Maya Pandêmica
A multidão arrastava-se
lentamente, entre ruídos e vozes desconhecidas, na praça rígida da realidade. A
verdade era única e envolvia todos os participantes. Estes se lembravam de seus
afazeres, de suas preocupações e de seus projetos e desejos, compreendidos ali
como importantes para o ser no mundo. E de fato, o eram em boa medida, embora
não suficientes à totalidade exigida pela existência, pois tudo que enxergamos é
somente parte. Evidentemente, acreditando-se ou aceitando-se uma realidade
maior, causadora de tudo e superior.
A deusa Maya, da cultura espiritual hindu,
é versada na sensualidade das formas, na
volúpia do concreto e na poderosa cola que é o visível (estamos colados a tudo que enxergamos
e de forma quase inescapável. Além disso, sem nenhuma dieta que inclua uma boa espiritualização das formas), fazendo de todos servos obedientes e amantes
fervorosos da matéria. Num lapso improvável
do tempo, num canto indistinto, nem central nem periférico, ergue-se um
indivíduo, trajando vestes coloridas com dizeres que falam sobre uma lei
esquecida.
Ele está sobre os ombros da
multidão observando os eventos, na verdade, para além deles. Sua atitude é
simples, tranquila e ordeira, mas
incomum aos homens viventes. O que ele avista não é uma maravilha nem um
fenômeno celeste extraordinário, apenas a possibilidade de amplidão e de
integração com o todo maior. Ergue-se, em seu olhar, como pássaro livre de um
cativeiro algo da consciência interior que destitui a autoridade do mundo,
retirando o véu de Maya, o véu da ilusão. Olha e passeia com a alma viva,
restabelecida de si mesma. No entanto, vê-se só num primeiro momento e em
dúvida, pois o desconhecido é uma temeridade em qualquer situação.
Aquilo é uma
mudança de estado, uma morte daquela etapa, como já acontecera tantas vezes na
sua vida. Qualquer morte é uma ilusão e só há um caminho, o renascimento. "É
isso, renascimento! Então, veio a sua alma uma voz "é preciso renascer bem, na suficiência
das necessidades e no avanço dos valores e virtudes". Depois se preocupou com algo. Como trazer o que
foi visto e sentido para o mundo? Nunca seria compreendido, tanto pela
simplicidade como pela espontaneidade de sua entrega. Nunca seria perdoado.
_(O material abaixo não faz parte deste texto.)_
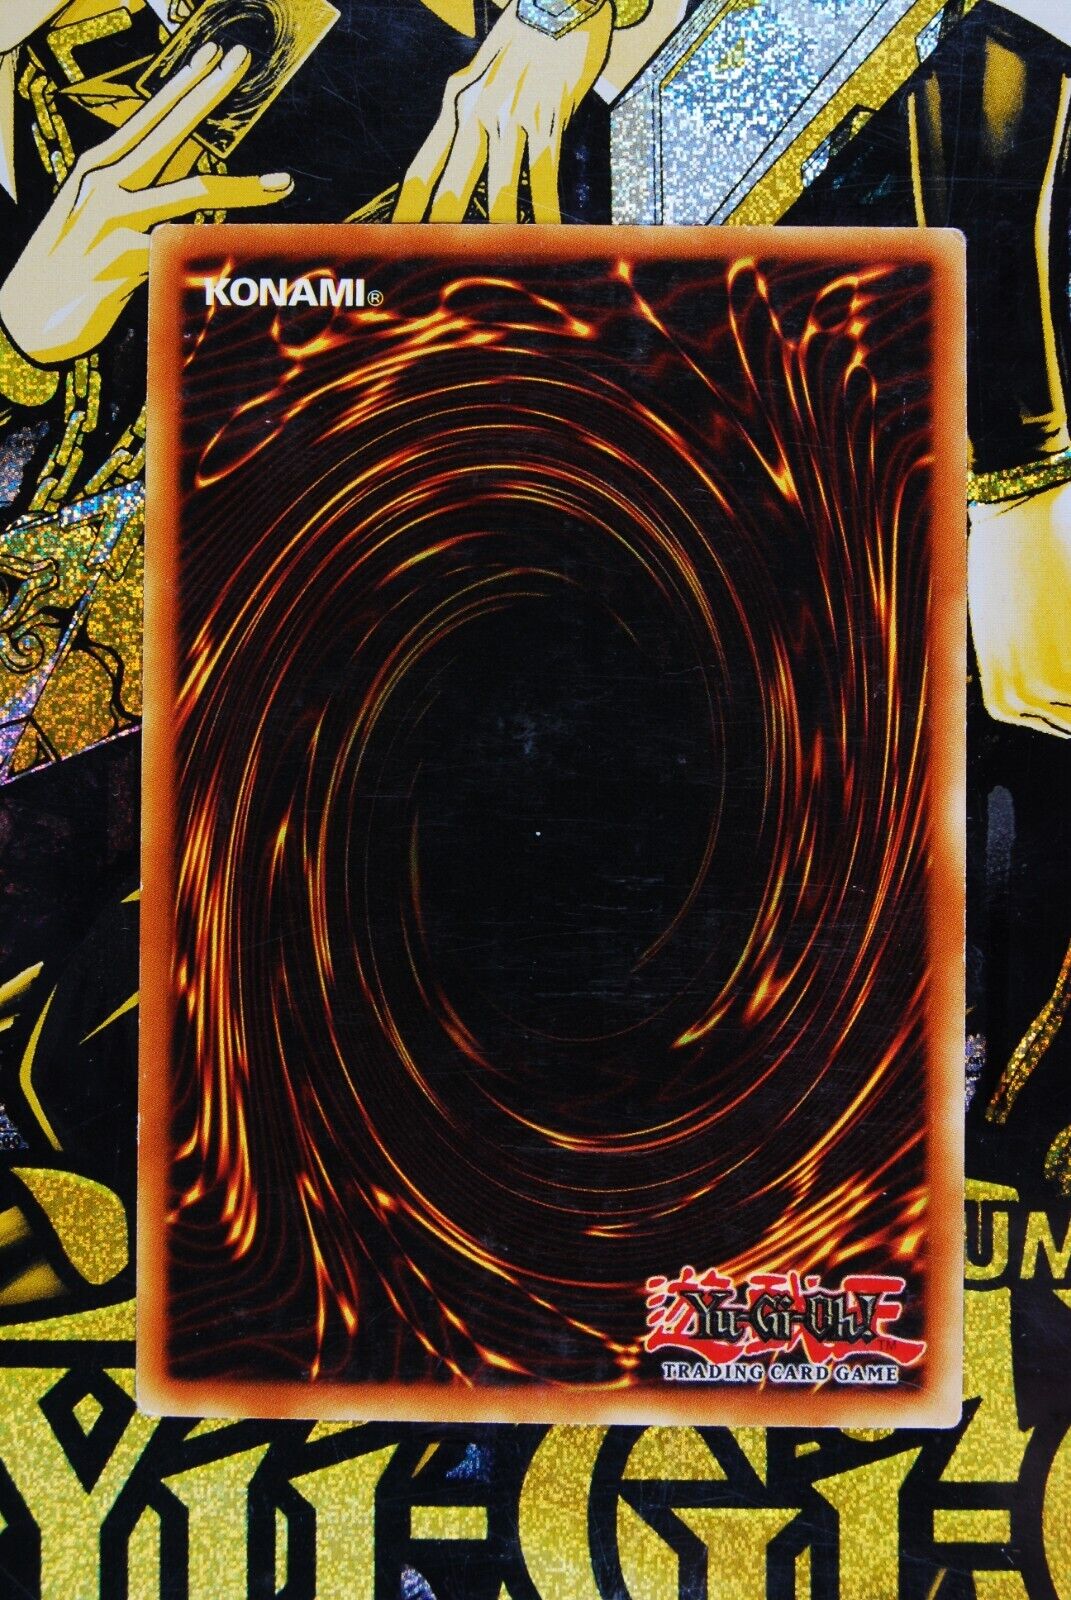 Ally of Justice Cyclone Creator DREV-EN092 1st Edition Secret Rare Yugioh Card
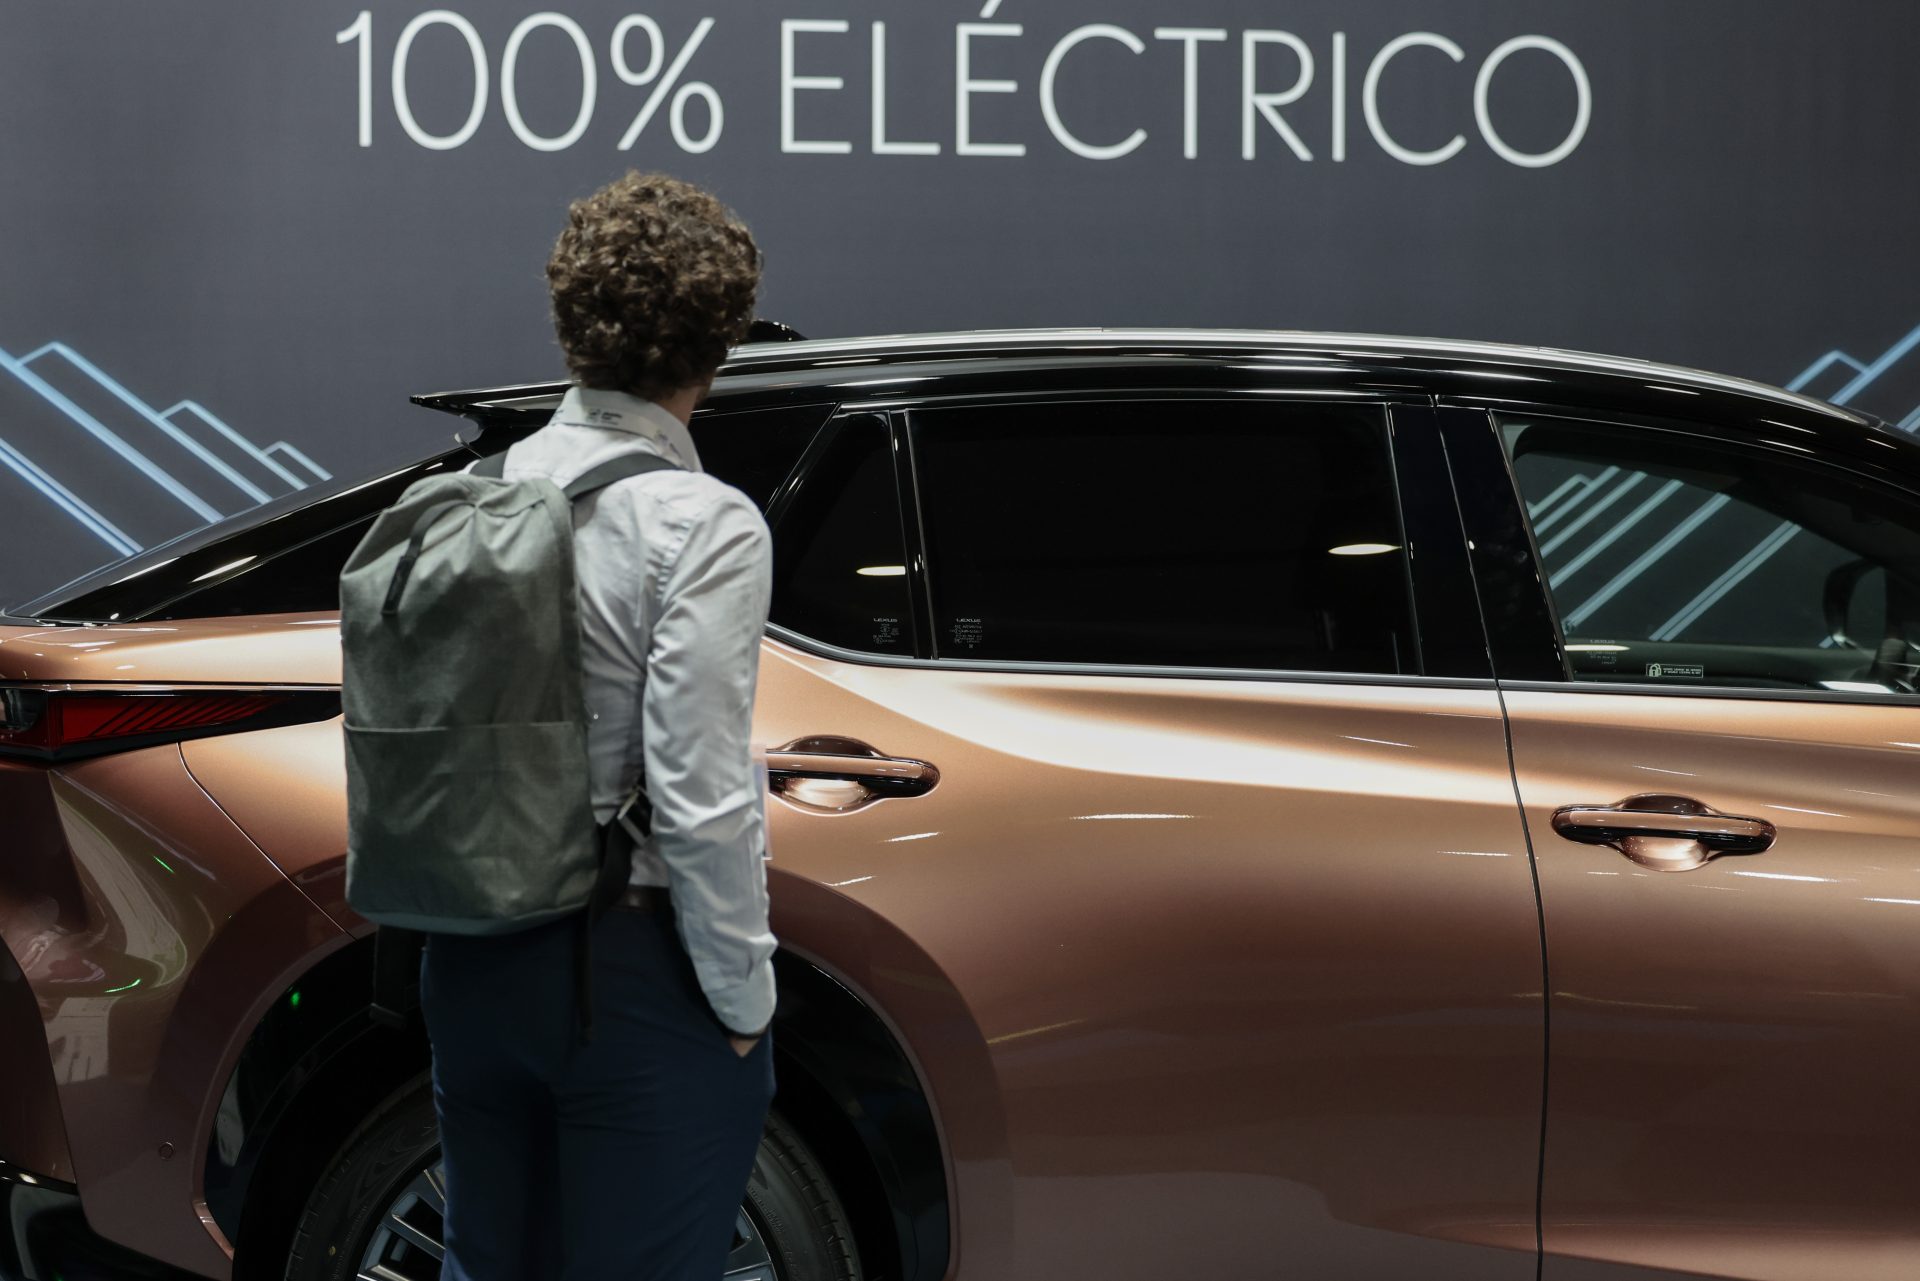 Una persona contempla un coche eléctrico en el eMobility Expo World Congress.

Nunca seria visitado. A começar por si mesmo no primeiro momento. E isso era o
pior! Mas talvez fosse exagero pensar assim! Coisas novas são atrativas,
revolucionárias e merecedoras de atenção.
Mas há um preço sempre! Não podia se esquecer disso. Sem demora, logo avista outros, outros tantos, não muitos. Seu olhar irradia um brilho, um arco-íris que atrai e liga a esses outros erguidos e entusiasmados. Todos acenam alegres entre si e com cumplicidade. Sem dizer em palavras, pois não são necessárias onde se encontram, compreendem que haverá trocas e partilhas quando eventualmente se encontrarem nos domínios de Maya, que sempre está atraindo e puxando com irrefreável força. Ele vê surpreso aquilo tudo e com simpatia escancarada, então uma voz íntima diz com mansidão: "Não haverá revolução, mas evolução!"